Alleging that Interim President John Rudley has ignored student concerns, the organization’s spokesman Timothy O’Brien led the way.
"We want the faculty and the University community to take a look at how John Rudley is running this university in a non-democratic manner," he said after Wednesday’s meeting.
As dramatic as this stunt was, some students believe that this is the only way the administrators will listen to the students.
What’s sad about this situation is that no clear solution is visible, but that could be said with any situation. Communication improvements are needed in almost every aspect of the campus, but what should students do for their voices to be heard?
Most of us don’t have the guts to storm into an official meeting.
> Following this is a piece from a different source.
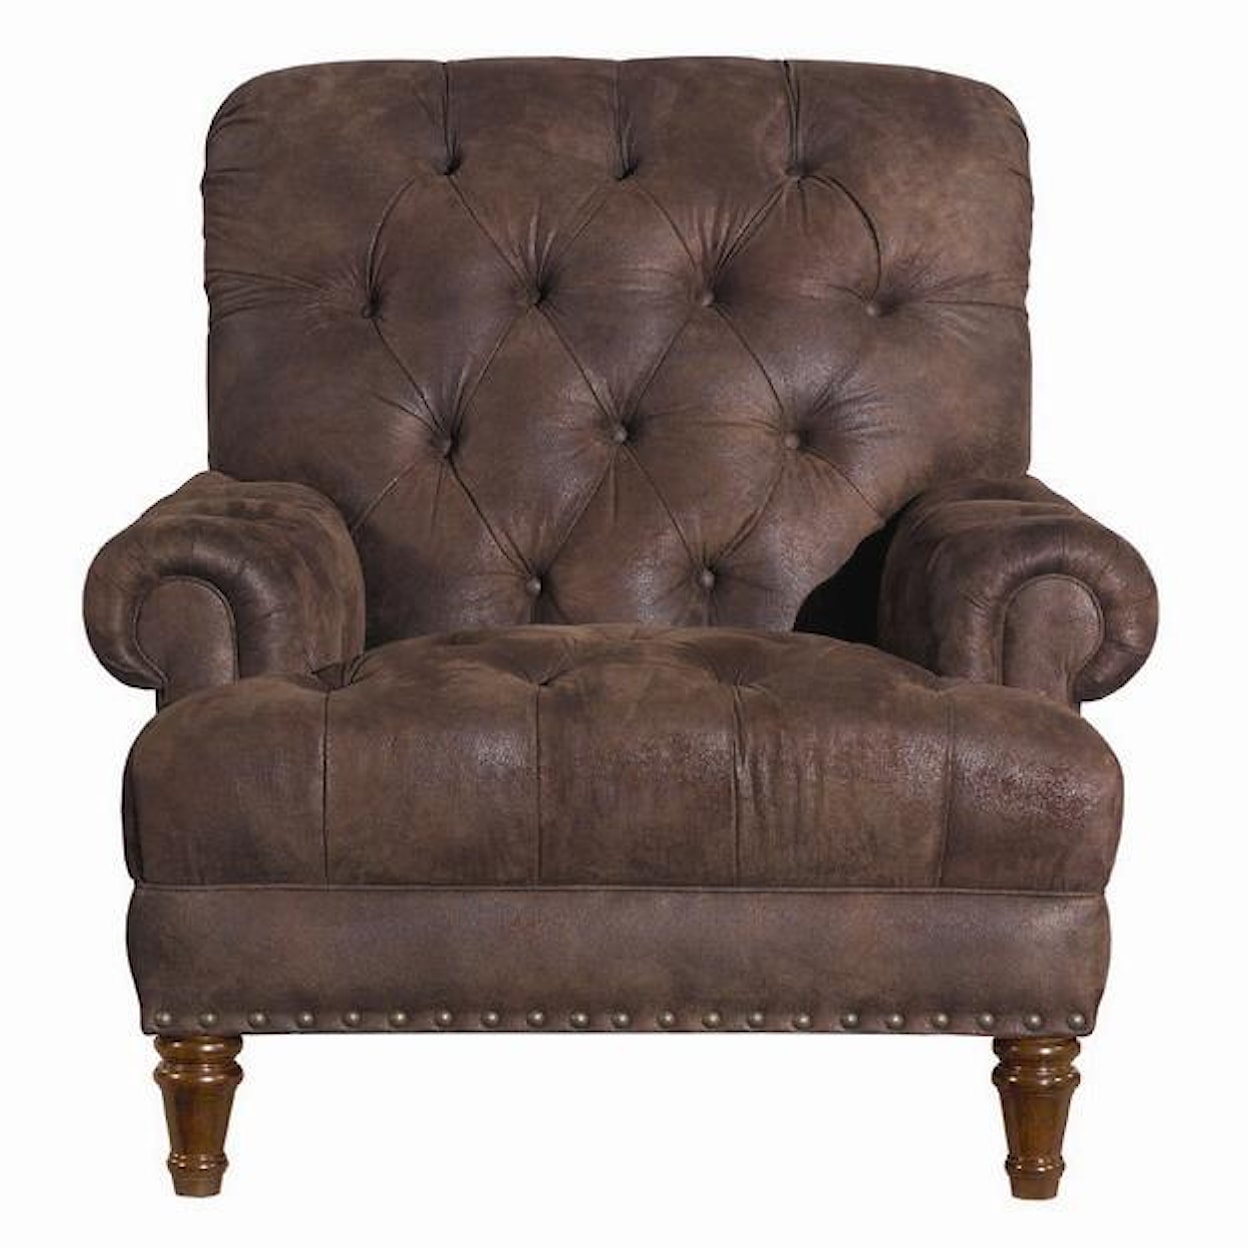 Kincaid Furniture Accent Chairs Tufted Accent Chair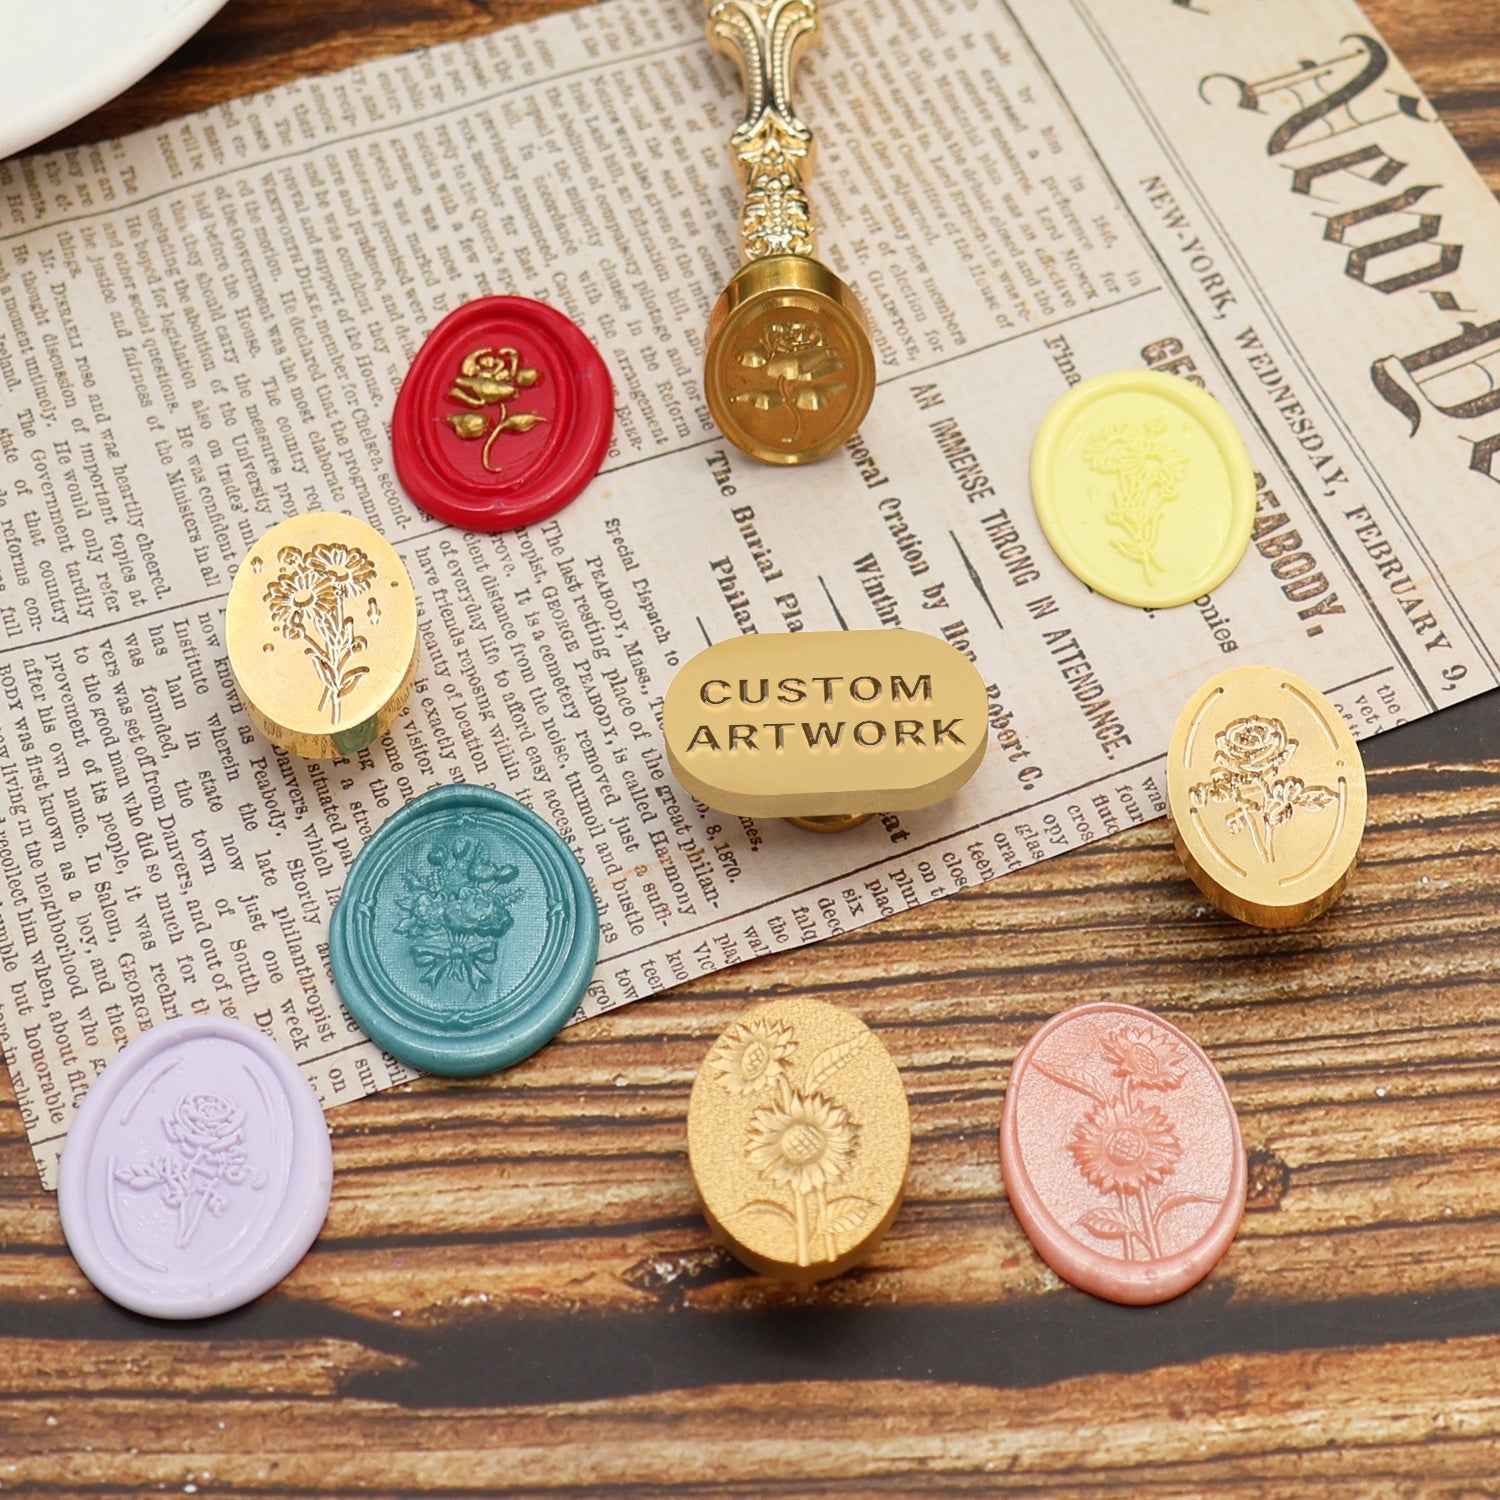 Personalized Wax Seal Stamp/Custom Wax Seal Stamp/ Make Your Own Design and Logo  stamp - AliExpress

And to be honest, it doesn’t seem to be the most effective way for students to be taken seriously by University administrators, either.
Our campus is already so disconnected as is with it being a commuter school, and this divide between administrators and students only worsens the divide.
Of course, as students we’ll never be completely satisfied, but many aren’t even happy.
Granted, administrators have admitted a communication problem is prevalent, but the solutions are not as tangible as our day-to-day frustration.
If anything, University officials shouldn’t shrug off this protest either, but see it as our state of mind.
If this is the only way we as students feel that we can be heard, what does that say about the system?
Problems with PeopleSoft 8.9 and with financial aid since the beginning of the semester have simply increased annoyance with how our University is set up.
Yes, organizations such as the Student Government Association are available for students to wield some power and have a voice on campus.
But how many people actually are involved or know who the officers are? Not many.
This problem is that which seems to plague our generation the most – apathy. So for those reasons, we applaud Student for Fair Trade for their efforts, but in the end, there must be a better way.
We want to encourage all students to truly get involved with the University, voice their opinions and work with the administration to find a solution that doesn’t include having to bust into a meeting every time.
Don’t we – not only as student but as a University – deserve at least that much interest?
Think about how much you’re investing by going here, and in the end, improvements have to be made. We want the administration to know that, but we also want the students to care enough to want it.